1.The author is trying to show that even though her ideas of faith (or lack thereof) are inherently different from mormons, they do not seem to diminish her fascination with the messages that mormons present in their blogs, and she appreciates their positive attitude; she wants to share her experience to persuade others to read them.
2. The author uses several different tools of logic (logos) to strengthen her argument. For instance, she says that mormons are so good at blogging because "Church elders have long encouraged members to keep regular journals for the dual purposes of historical record-keeping and promoting spiritual insight, and as a result Mormons are champion journalers and scrapbookers," which only makes sense. The author also uses emotional connection to improve her argument through examples of her personal experience in reading mormon mommy blogs.
3. These tools that the author uses in this blog helps the audience believe that since she has had such a positive outcome with reading mormon blogs, that they too can feel the "uplifting" experience that she has. Also, the author helps the audience think that in a general sense, people do not have to have the same beliefs, to raise each other up and encourage good morals.
4. The author needs the audience/reader to think, feel, and believe in her blog because she feels so strongly about the subject of being a feminist-athiest, but that she is able to read something by someone of completely opposite beliefs; she just wants to help others know that they can fall into the same category.

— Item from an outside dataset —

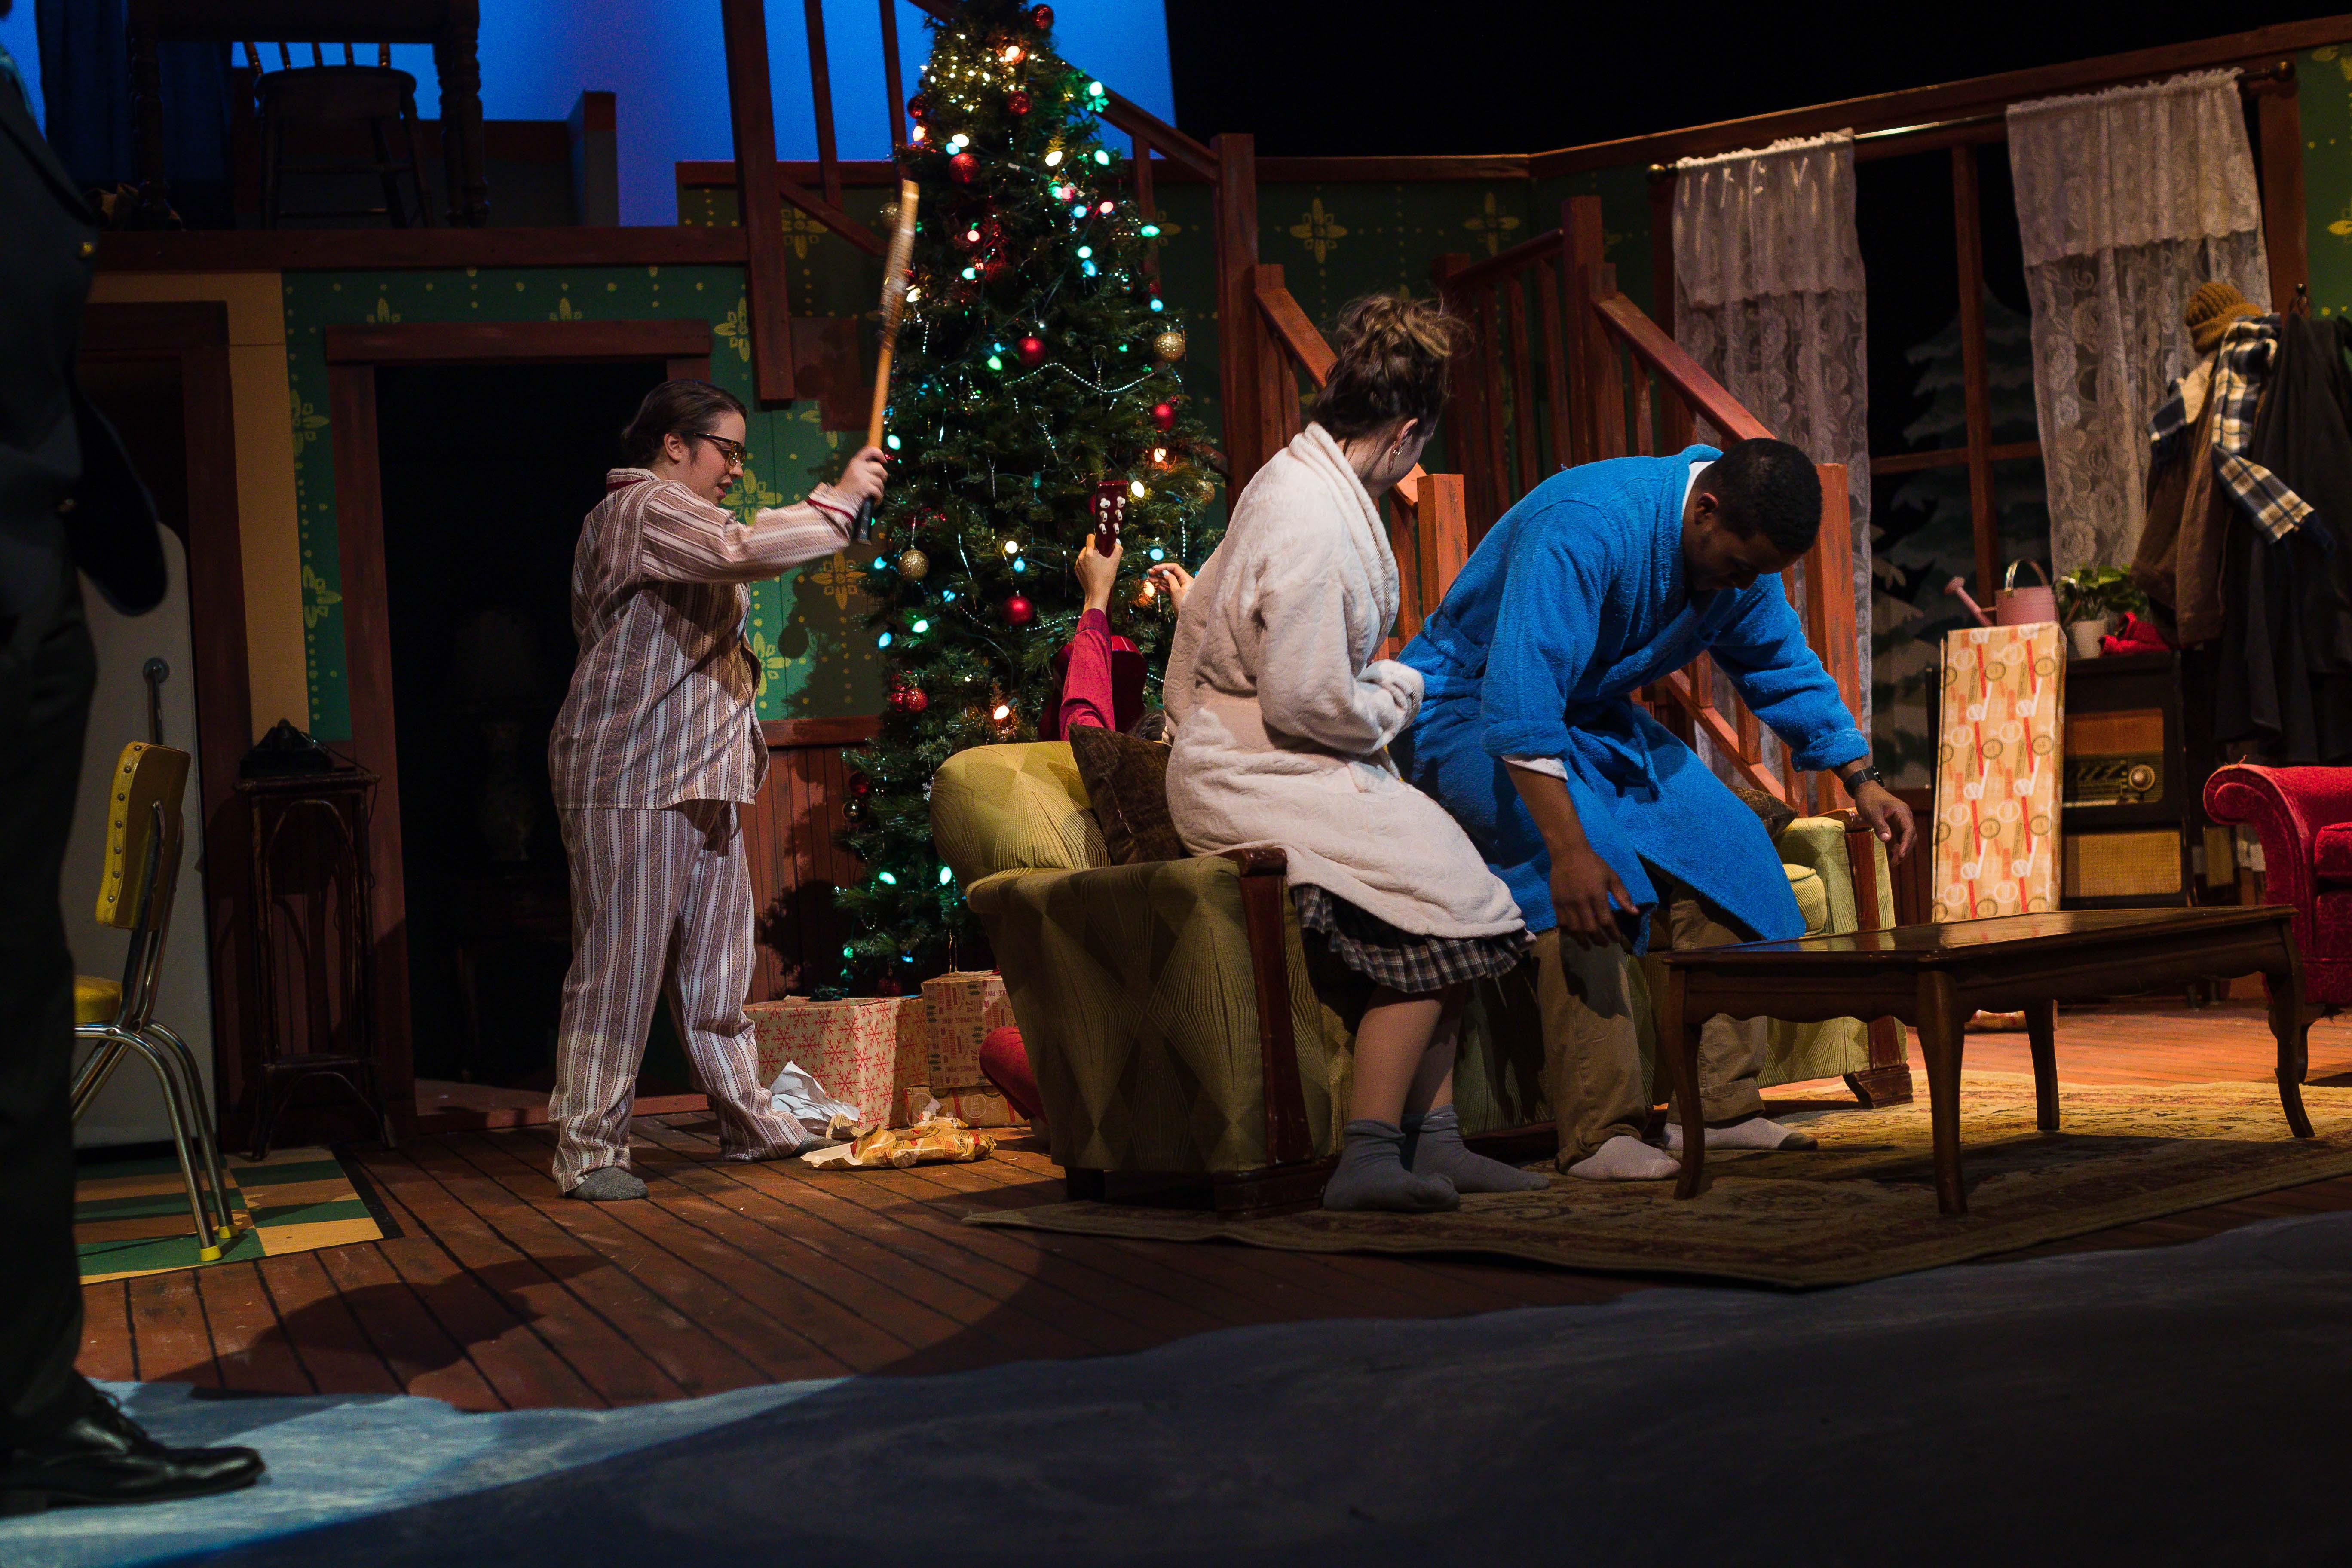 Weaver_Christmasshoot-_MG_1504

All in all, I think this blog is very interesting. Mostly because I, myself, am a member of the Church of Jesus Christ of Latter-day Saints (Mormon religion), and I think it intriguing that this woman has been so affected from reading from members of my same faith and feels the obligation to share that with others. I just think that that is a pretty cool trend of blogging about others blogs-- kind of weird, but still cool. (I'm a hypocrite, obviously. hahaha!)